The Department is much concerned about this complicated problem; its
ramifications extend beyond the area of primary interest to the Department,
the field of international relation, into National Defense, domestic, eco-
nomic and political considerations. The Department does not have the source
material nor the personnel to make its own comprehensive study of the
situation, and it looks forward, therefore, with keen interest to the results
of the study presently being conducted by this Board. The Department would
like to maintain a close liaison with the Board and continue to cooperate
with it in its study of this problem. The Department sincerely hopes that
the Presidential Board will make the necessary recommendations on policies
and practices to be followed by the Federal Government with respect to our
international communication system.
In order that the work of the Board will be facilitated, the Department
has authorized me to state that it will not oppose a permissive merger of the
international record companies if the Board finds it to be in the national
interest.

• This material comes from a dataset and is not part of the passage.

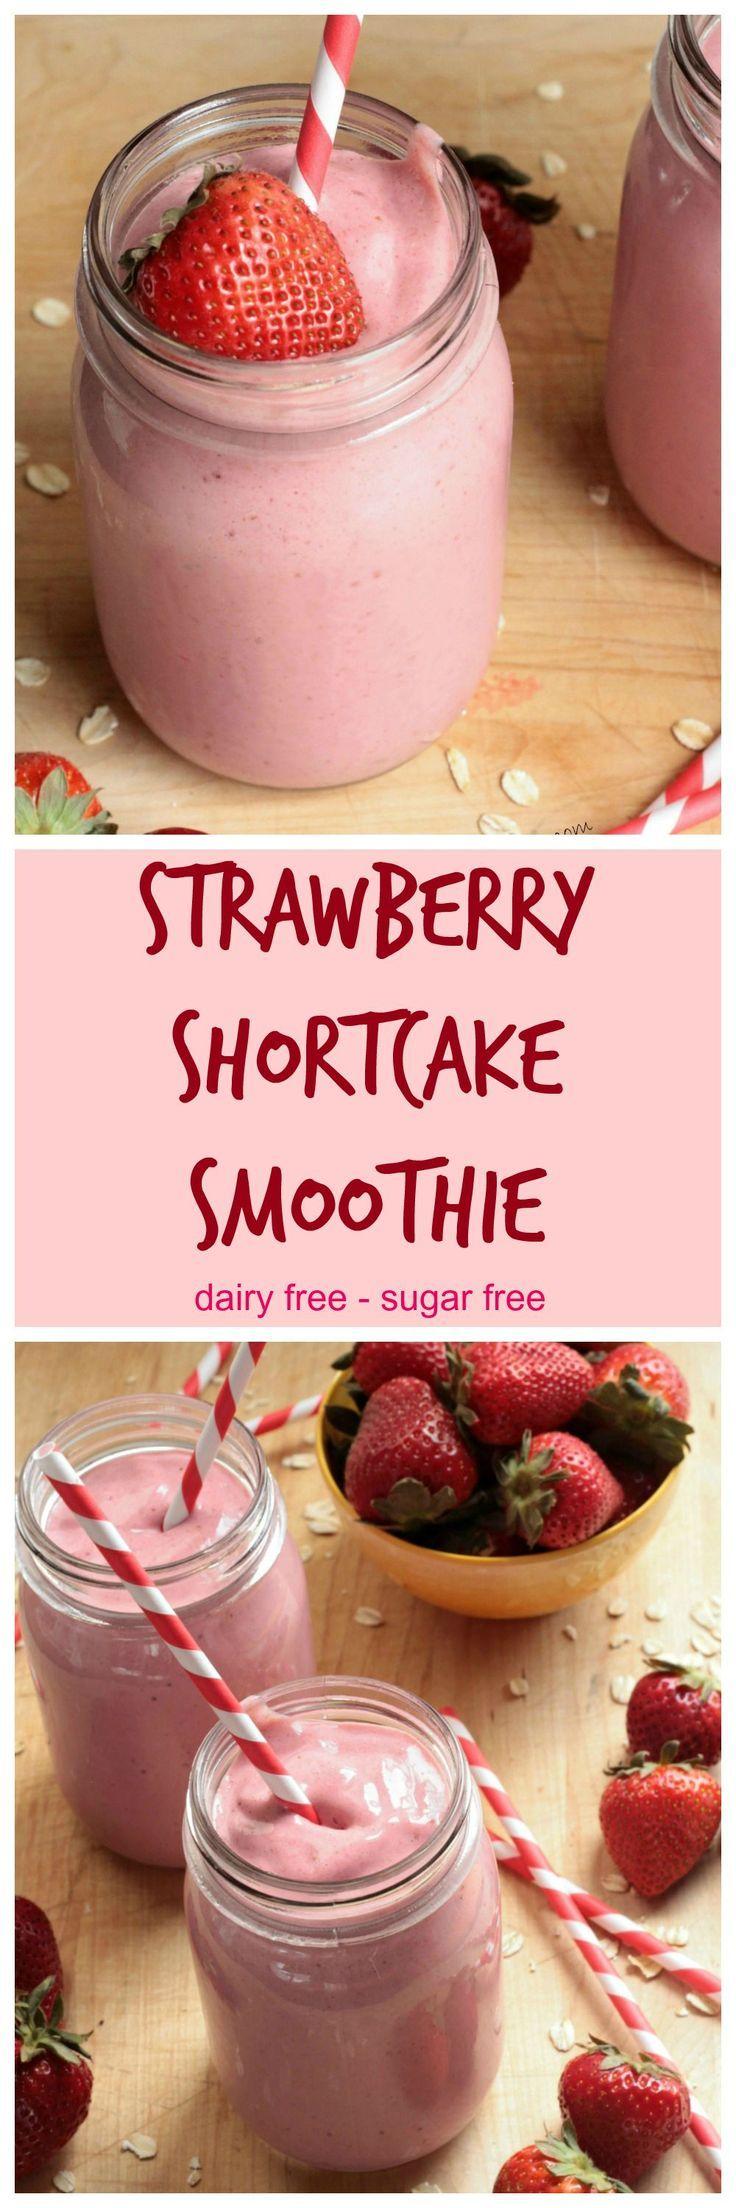 Healthy Strawberry Shortcake Smoothie, ____ calories: 1 C. frozen strawberries • 2/3 C. almond milk • 1 T. cashew butter • 2 dates • 1/3 tsp. vanilla extract • 1/3 tsp. cinnamon • 2 T. oats

However, in the event there is legislation which will enable some
or all of the companies to merge, the Department feels that the following
conditions should be imposed in addition to the normal regulatory authority
of the Federal Communications Commission:
(a) Preserve the competitive results obtainable by a complete and
continued separation of the telephone from the record services,
which with the addition of air mail will provide three strong
competing services.
(b) Permit no merger which would jeopardize a well-rounded cable
service to as many parts of the world as possible.
(c) Maintain the same or better quality of service as is presently
enjoyed.
(d) Maintain direct communications with as many places'in the
world as is practical and politically desirable.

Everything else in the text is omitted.